# New puppy



## Angie NG (Jun 6, 2012)

Hello everyone, I am new to the site so any advice on vs would be great. We get our puppy in 4 weeks, I have been reading your messages and must admit as excited as I am, slightly nervous and realise after reading your messages I must be very consistent and have routine


----------



## dmp (Jan 23, 2012)

Sleep now, while you can. A new pup is more difficult than a new human baby as far as i can remember (my kids are older now).


----------



## Angie NG (Jun 6, 2012)

I had read on an earlier message that sleep would be good before the puppy arrived. We are all very excited, funny how my 2 children gave them selves certain jobs to do with the puppy, feeding poop cleaning etc. she is not even here yet and they have changed there mind. ( Especially about cleaning up the wee and poop). How old is your puppy?


----------



## SkyyMax (Apr 5, 2012)

Welcome Angie and good luck with your new puppy!
This is a great forum - you will always find a lot of helpful information!


----------



## Angie NG (Jun 6, 2012)

Thank you SkyyMax, have found all the info on here very helpful already and haven't got Bella yet.


----------



## Darcy1311 (May 27, 2012)

Welcome aboard Angie...it really is a good forum, plenty of advice from lovers of this beautiful breed.
just enjoy your puppy when it arrives and don't hesitate to contact the forum when you need advice...


----------



## rideandy (May 13, 2009)

Hi Angie

We picked up our Milly on Saturday and yep its hard ,but no where near as bad as we thought.

Crate training is defo the way to go. When ever Milly drops off we put her in her crate. At the moment at night we put her in at about 11pm she has been waking me up about an hour or so later to be let out for a wee then i settle her and put her back in the crate, this usually takes about 15 mins from me getting up to the doors being shut on the crate. Milly woke me up at 4.30 this morning, but previously it has been at 5.30am

Keep reading and don't worry.

All the best .


----------



## Angie NG (Jun 6, 2012)

Thank you for your lovely welcome, we are definitely having a crate for our pup. Taking the kids to school and back everyday means I want the puppy somewhere safe for her and where she can't damage anything and also for her to sleep in to. I am home most of the day so can spend a lot of time with her, my friend has a ridge back and although not the same breed she has been giving me some basic tips.


----------



## ironman_stittsville (Oct 12, 2011)

When dropping the kids off at school maybe you can bring Bella with you?

I take Phoebe everywhere that I can, pet stores, book stores, garden centers, ... if i'm dropping my boys off at a movie or for a sleepover or something i usually take her with me, you never know when an interesting trail may present itself for exploration.

enjoy!

rh.


----------



## [email protected] jenkinson (Mar 31, 2012)

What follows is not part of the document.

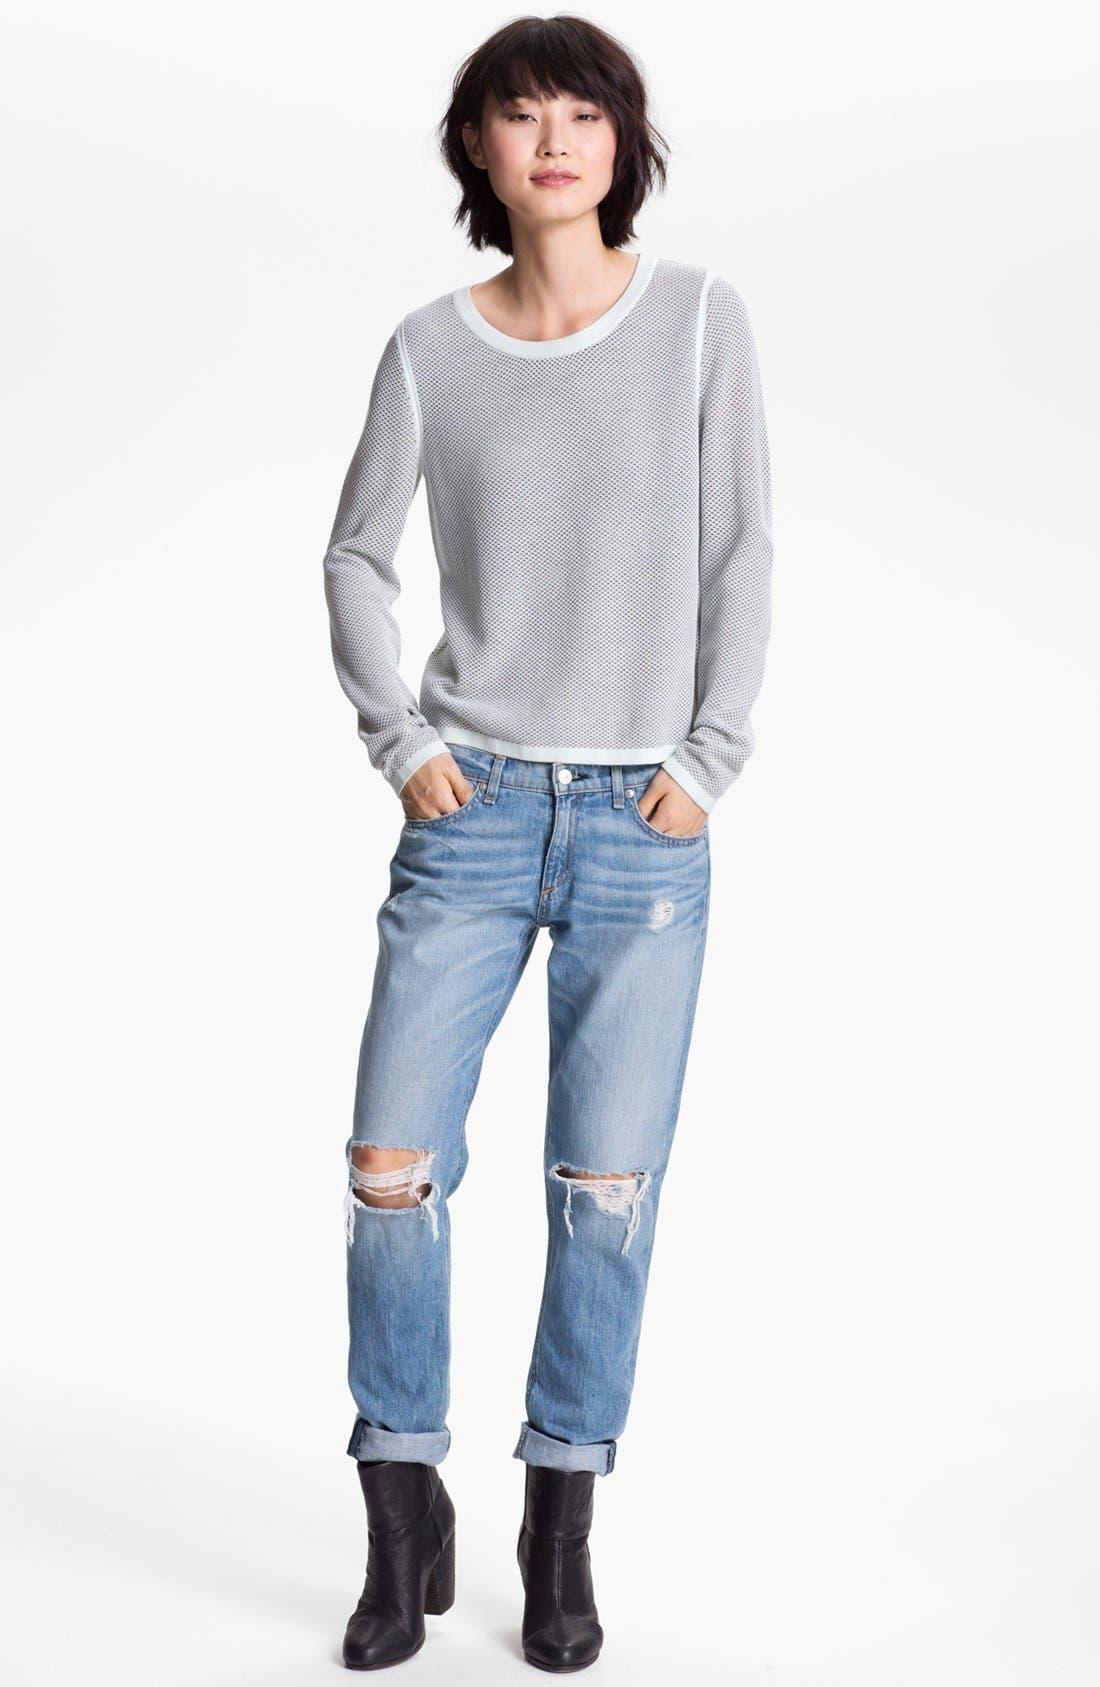 Alternate Image 1 Selected - rag & bone Sweater & rag & bone/JEAN Boyfriend Jeans

Just been to see pups ~they were born on the 7th of june to mum Lyska. 6 boys and 3 girls ( one girl died this morning bless). I made it in time to see 6 pups born and it was the most fantastic thing ive seen. We now cant wait to pick our boy and girl pup in 3 and a half weeks time-2 pups so excited i cant keep the smile off my face. Will try and work out how to put a picture on for all to see the adorable tiny little pups!!!!!


----------



## threefsh (Apr 25, 2011)

Are you picking up puppies @ 4 weeks old, or deciding which pups will be yours?

I'm hoping I read that wrong... pups should stay with mom for at least 8 weeks.

Also, why are you getting 2 siblings from the same litter? Our breeder absolutely forbid this because they are so much work as small pups.


----------



## hotmischief (Mar 11, 2012)

Gosh you are brave taking two pup of the same age on  .

I have always been told by breeders and trainers you shouldn't have two pups together as they don't listen to you because they are so busy listening and playing with each other.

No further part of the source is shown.